Dermtech, a skin cancer diagnostic company, recently announced it has filed for Chapter 11 bankruptcy after months of looking for strategic alternatives. Additionally, the news comes in tandem with the company’s decision to lay off 15 employees — about 20% of its remaining staff and enter into retention agreements with four senior leaders, including CEO Bret Christensen. As part of the agreement, Dermtech will pay the executives one-time cash retention awards of up to $510,000.

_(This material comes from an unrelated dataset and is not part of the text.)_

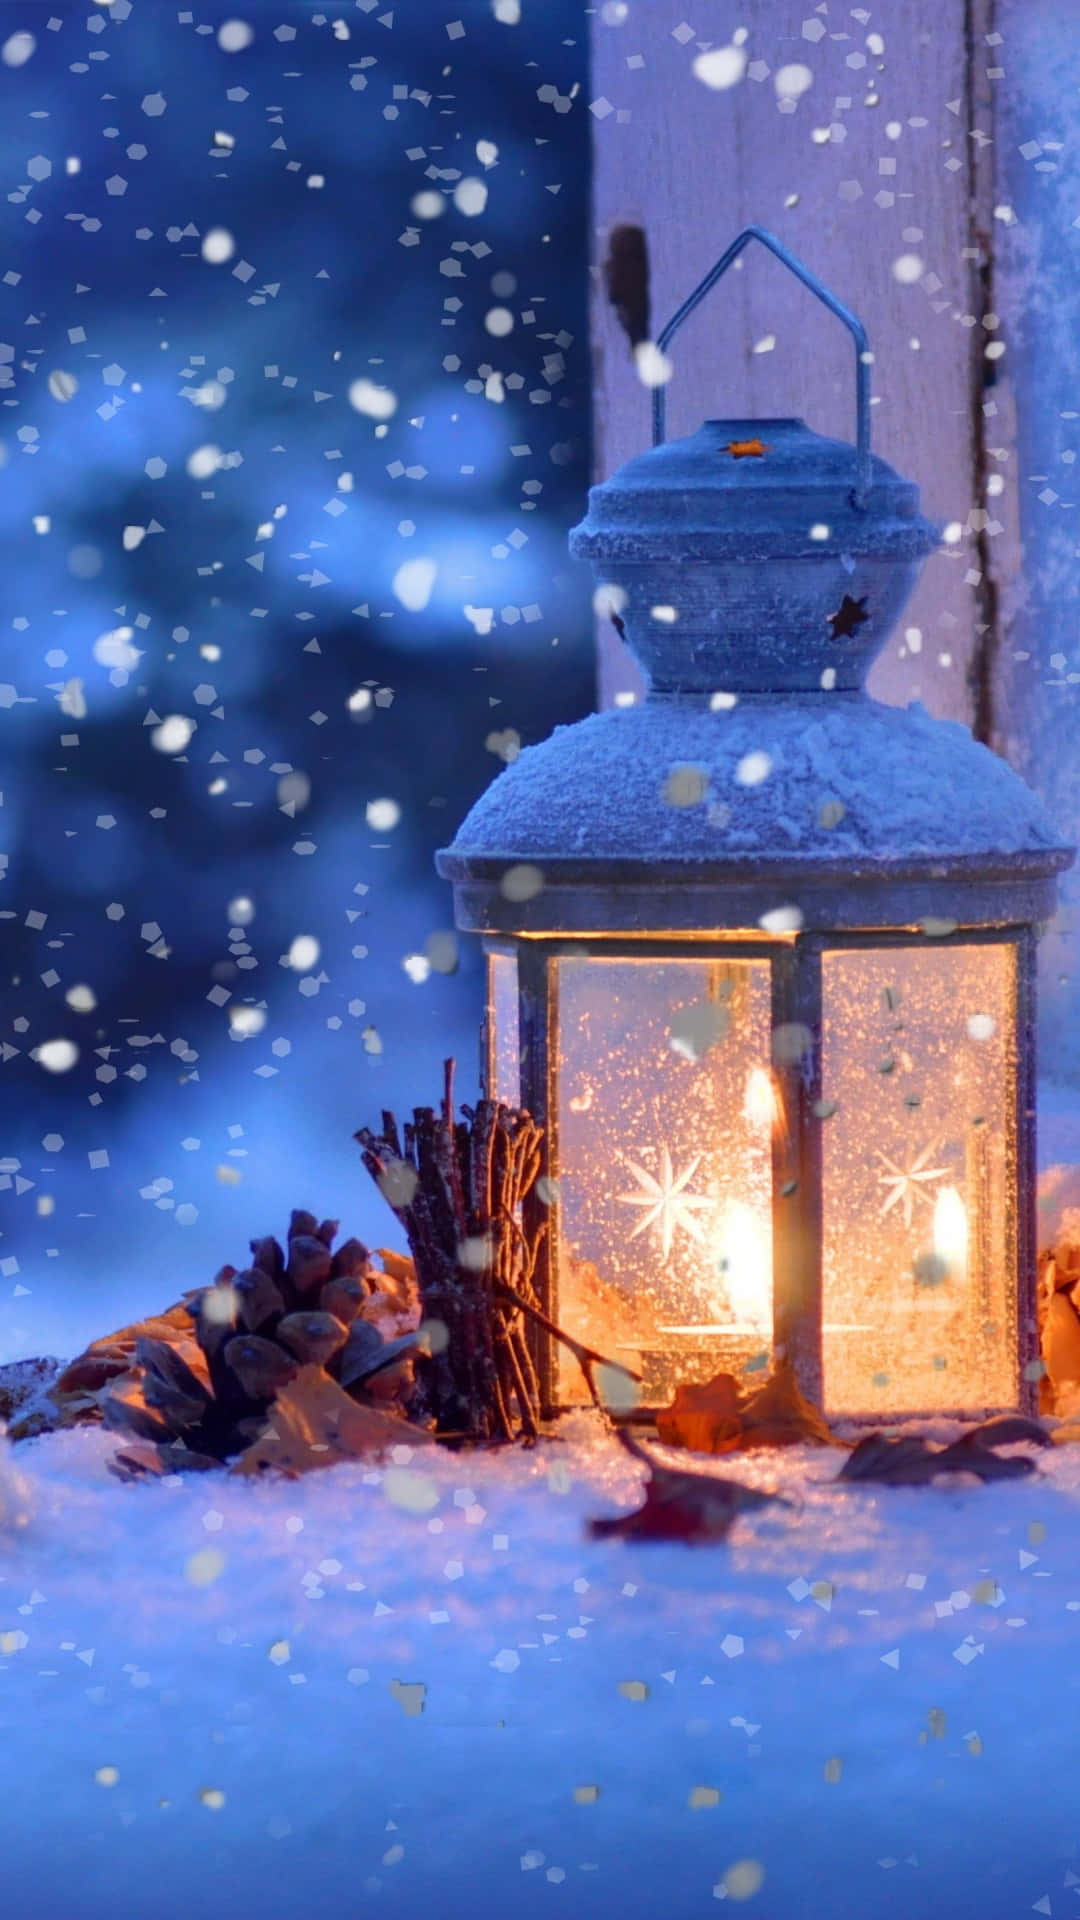 Lantern Lit With Snow Falling Background

The dermatology company, which makes a skin patch to test for melanoma, has been wading through increasingly choppy waters. After its product failed to take off commercially — having a reported test revenue in 2023 of $14.4 million with operating expenses topping $104 million, the company saw stacking costs related to R&D, reimbursement challenges, and facility leases.
Failing to raise money late in 2023, according to the Chapter 11 filing, Dermtech began exploring strategic alternatives in January 2024 and later hired a restructuring advisor. In the weeks following, the company announced it would layoff 100 of its employees — 56% of its workforce at the time.
Through filing Chapter 11, the company said it will “safeguard the interest of stakeholders and maximize the value of its assets,” through “conducting a process to sell substantially all of its assets,” while continuing its laboratory operations and processing orders for the melanoma test.